Старик откатил по столу свои кулаки друг от дружки и опять скатил вместе...
— Разно бывает. Иные в больших городах растут, правил человеческих не соблюдают. Да вот на метеостанции в Айре работал Семенов Борис. Из Томска приехал с дипломом. С моей дочкой старшей, с Марьяной, они стали жить. Без регистрации брака. А у него, оказалось, жена есть и дочь. Он от алиментов спасался, а у Марьяны теперь тоже дочка. Он пьяный напился, ударил начальника метеостанции. Теперь будет суд. А он собирается ехать в одну из южных республик. Там еще себе жену заведет. Много лишнего пьют. Серьезно. Народ через лишения идет к своим идеалам, а пьянство мешает людям.
— Ну, попался один такой прощелыга, зачем же преувеличивать: «люди, народ»?
...Костроминский пацан от возни съехал с печки. И было уже заплакал — старик быстро и метко тяпнул его ложкой в лоб. Пацан проглотил свое горе.
Старик подымается. Это не так уж легко. Стол велик, обставлен лавками, пустого пространства нету в избе.
— Сейчас я в омшаник за яблоками схожу. Яблочков нам хватает весь год, да вот нашей семье. Два сына женаты, отдельно живут, им посылаем.
...Костромин приносит яблоки в лукошке, выкладывает их любовно на стол, они румяны, ядрены, лоснятся от своей настоявшейся зрелости.
Старик забывает о разговоре, любуется яблоками.
— У нас так привыкли о людях судить, в нашей семье: кто потрудится па земле, да вот чтобы красоты больше стало, тот для нас и считается лучше. Серьезно.
Директор ухмыляется:
— Ваша семья — это, конечно, не маленький коллектив, а вот в моем хозяйстве почти три тыщи народу. Все мы только и делаем, что уничтожаем эту самую красоту земную. Рубим лес. И вашей кедровой гриве тоже придет черед. Кто лучше рубит, тот для нас и первый человек. Вот, брат, как. Душеспасительные вы ведете разговоры, и яблочки у вас первый сорт, а как стране существовать без деловой древесины, строить дома, делать бумагу, а?
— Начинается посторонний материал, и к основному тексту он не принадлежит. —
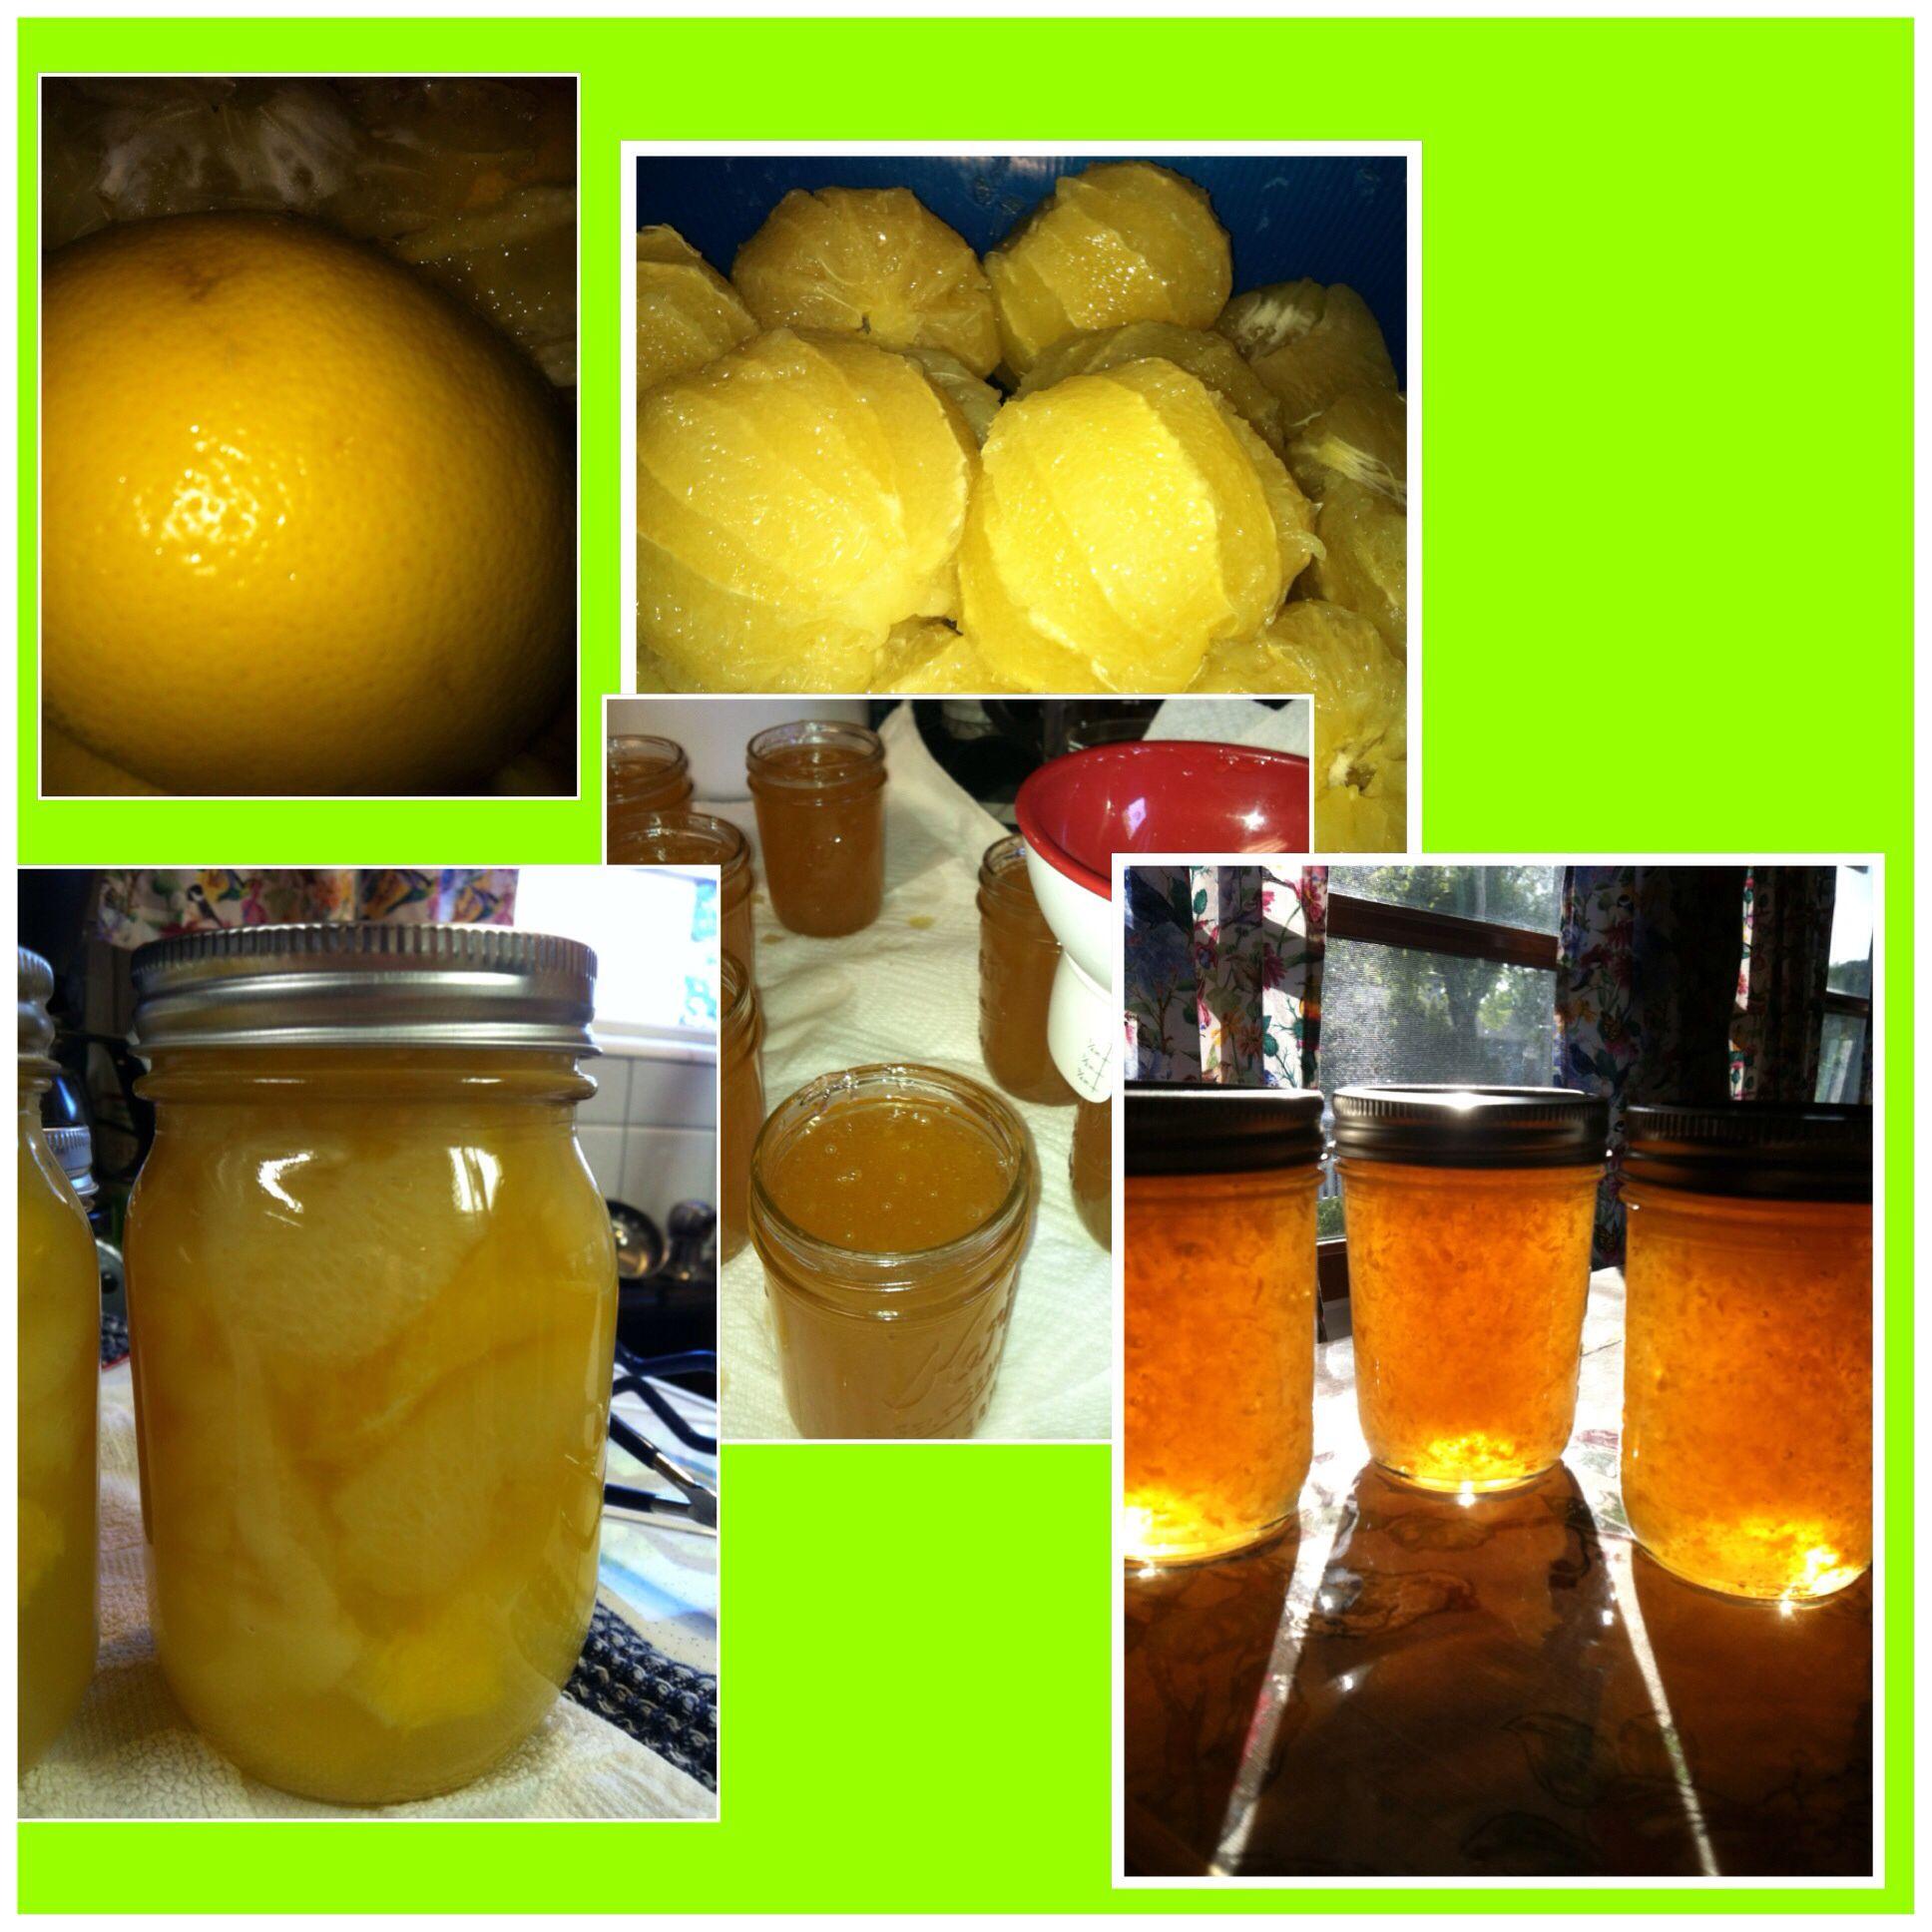 Canning grapefruit ....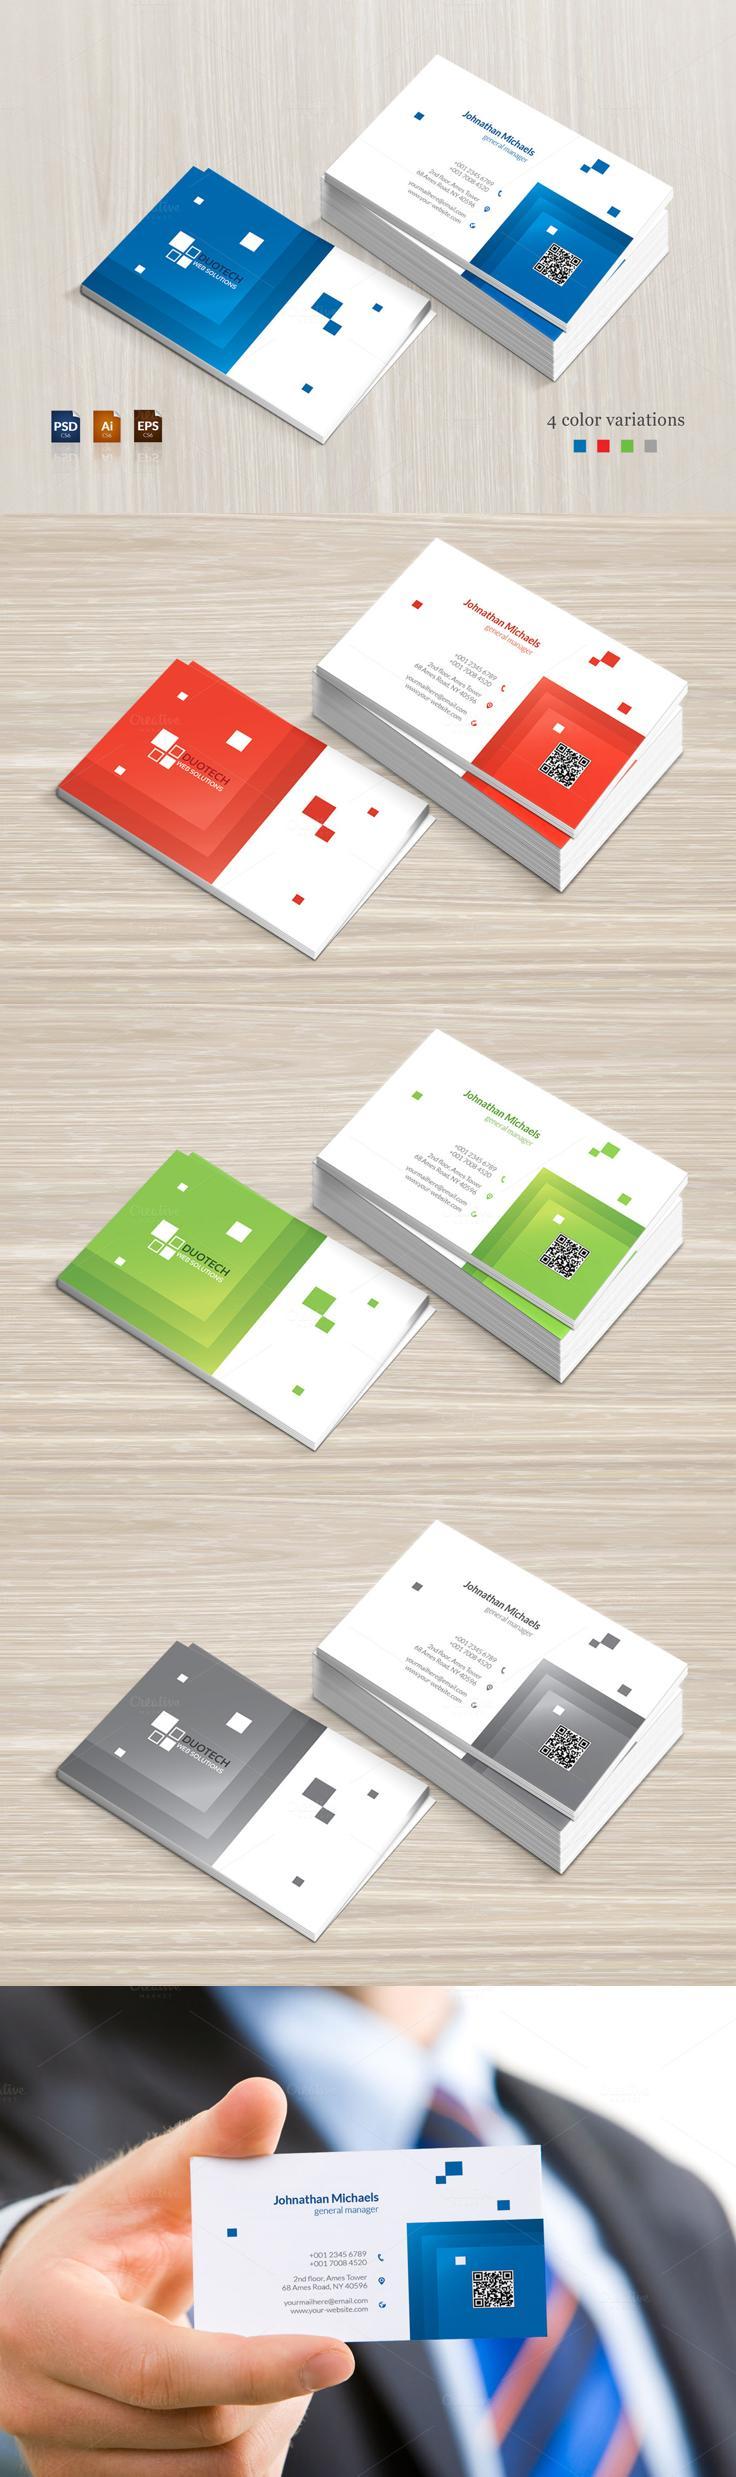 #businesscard #design from BettyDesign | DOWNLOAD: https://creativemarket.com/BettyDesign/669342-Creative-Business-Card?u=zsoltczigler

Вы не прикинули? То-то.
Костромин не знает, как спорить и нужно ли что доказывать директору леспромхоза.
— Конечно, нужна древесина государству... — уклончиво говорит старик. — Отходу много бывает. Да вот, у вас на лесосеках я видал. Серьезно. Возмещать нужно потерю леса. Не знаю уж, как это в большом масштабе. Я по себе сужу. Пятьдесят лет живу, потребляю, беру, что люди сделали и что от самой природы... Так вот, чтобы после меня хотя сад остался. Чтобы другие пользоваться могли. Иначе жизнь как бы теряет цену.
Ленька срок заработал
Осень. Тайга порыжела. Полыхают лиственницы на Дальних хребтах.
Идет работа на лесной делянке. Валят кедры. Они стоят в отдалении друг от друга, каждый царит на своей поляне, выкинул длиннопалые ветки в пространство, в небо, покоит комель в цветах.
Падают деревья медленно; ближе к земле — обвально и грозно. Ухают оземь, зыбаются и затихают.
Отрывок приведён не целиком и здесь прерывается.